When (if) will the next slingshot Xmas be and do you pm addresses?
Any help will be greatly appreciated! 
Cheers, tom


----------



## newconvert (Dec 12, 2011)

tomshot123 said:


> When (if) will the next slingshot Xmas be and do you pm addresses?
> Any help will be greatly appreciated!
> Cheers, tom


its hard to say, but it just pays to have 100 or so pre made frames sitting around and ready to ship! and yes, pm only for addresses


----------



## bullseyeben! (Apr 24, 2011)

newconvert said:


> ok, here is my YOYO Clause gift from Chris!
> i have to say i was very impressed with the very high quality of his work he sent 2.......... bless his heart! the first is the poly twist, it is a no ties connection first used by BH, it is a very nice shooter, i have to say it is very well and neatly machined, the second my favorite frame i have been wanting for some time now is his his YO "Y" he dressed it with Hrawks roo leather pouch, the CA finish is glass smooth, a really beautiful piece of craftsmanship, it amazes me the high level of gloss that can be achieved with CA. in any event i am just so happy to get these 2 frames from Chris! beauties both!
> View attachment 21776
> View attachment 21777
> View attachment 21778


Wow they're great!

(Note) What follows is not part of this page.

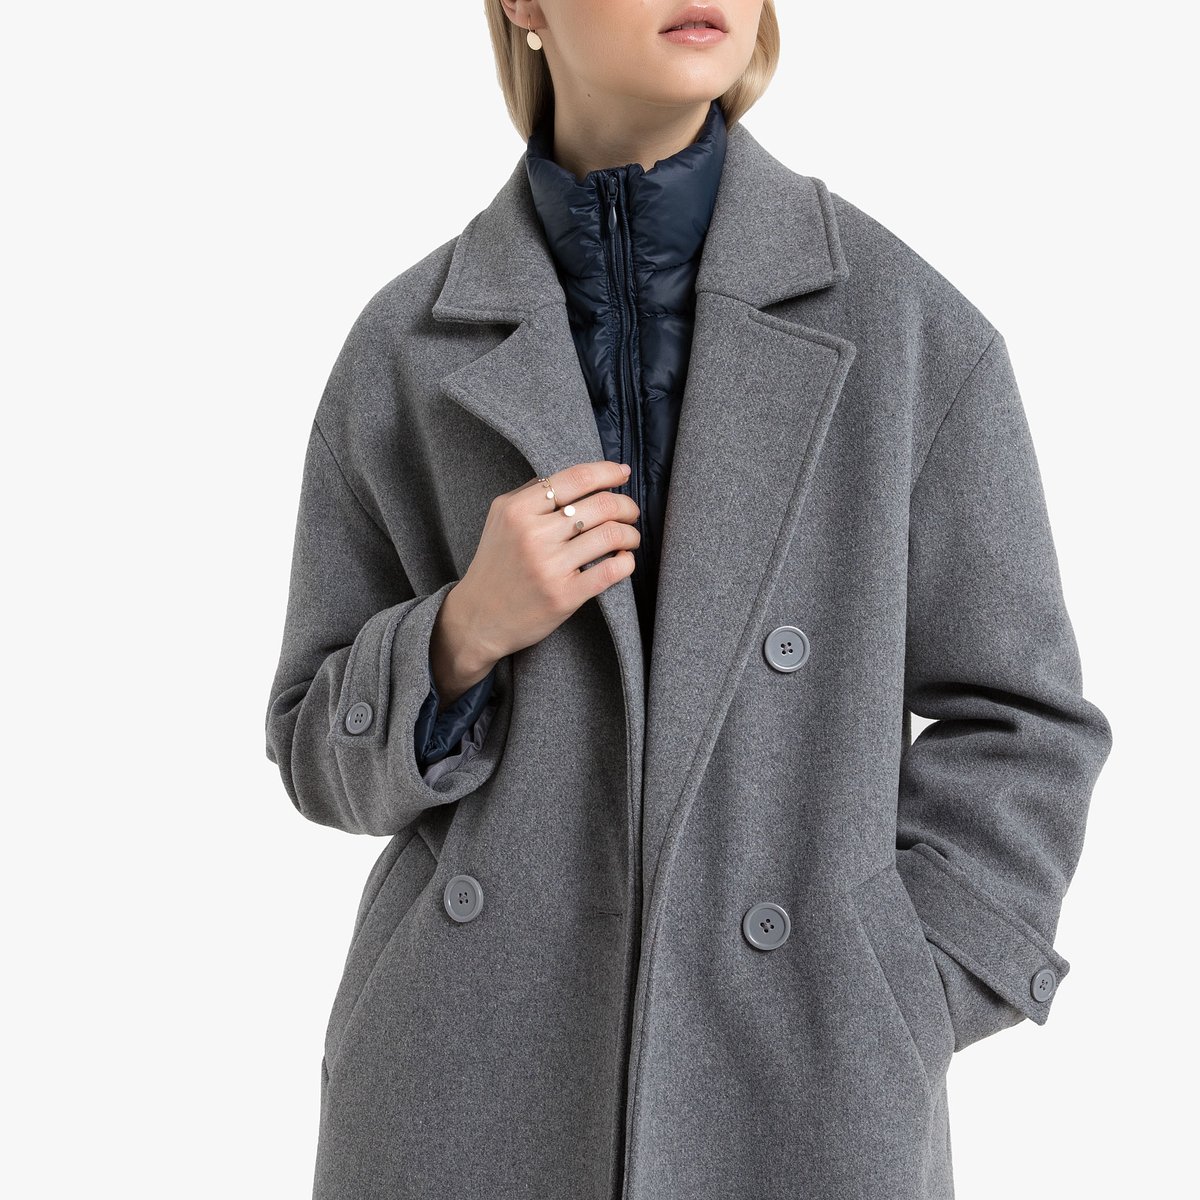 Пальто La Redoute La Redoute 44 (FR) - 50 (RUS) серый, размер 44 (FR) - 50 (RUS) La Redoute 44 (FR) - 50 (RUS) серый - фото 2

Great work


----------



## kooniu (Jul 14, 2011)

This is a piece of artwork I got from Lewis. I really like the hammerhead design and this is really an exceptionally beautiful! 
Your name fits her.


----------



## bullseyeben! (Apr 24, 2011)

She's a stunner!


----------



## funk3ymunky (May 14, 2012)

Sent mine off today and cant wait to get mine!


----------



## reecemurg (Oct 9, 2011)

popped mine in the post earlier ,
can't wait for mine to arrive !!!


----------



## jayw81 (Dec 11, 2011)

kooniu said:


> This is a piece of artwork I got from Lewis. I really like the hammerhead design and this is really an exceptionally beautiful!
> Your name fits her.


thats a nice hammerhead! good score


----------



## Bostradamus (May 15, 2012)

FINALLY just sent out my gift to LVO today, tried to send it out Saturday but the post office was only open for 1hr, wtf...
but just wait til you see what i GOT in the mail today!!!
View media item 7162View media item 7163View media item 7164
my gift from LVO and i couldn't be happier!!
his gift to me is better than the one i sent, i'm afraid...


----------



## LVO (Sep 25, 2011)

I'm really glad you like it, Bo! You are my test subject concerning the aluminum core...lol. I am really looking forward to getting yours soon. I can tell you this now, I'll have it forever, dude. I give the ones I make away all the time, but like Newconvert, I keep and value the one other folks make or give to me. 
thanks, Bo!


----------



## pop shot (Sep 29, 2011)

since it's late- here's mine to danny boy. mesquite (kiawe), Koa and Sandalwood ('iliahi) i'm excited to see what he sent!


----------



## LVO (Sep 25, 2011)

Awesome Steve!! Please tell me you did a tutorial or build log?


----------



## kooniu (Jul 14, 2011)

BoKennedy said:


> ........
> his gift to me is better than the one i sent, i'm afraid...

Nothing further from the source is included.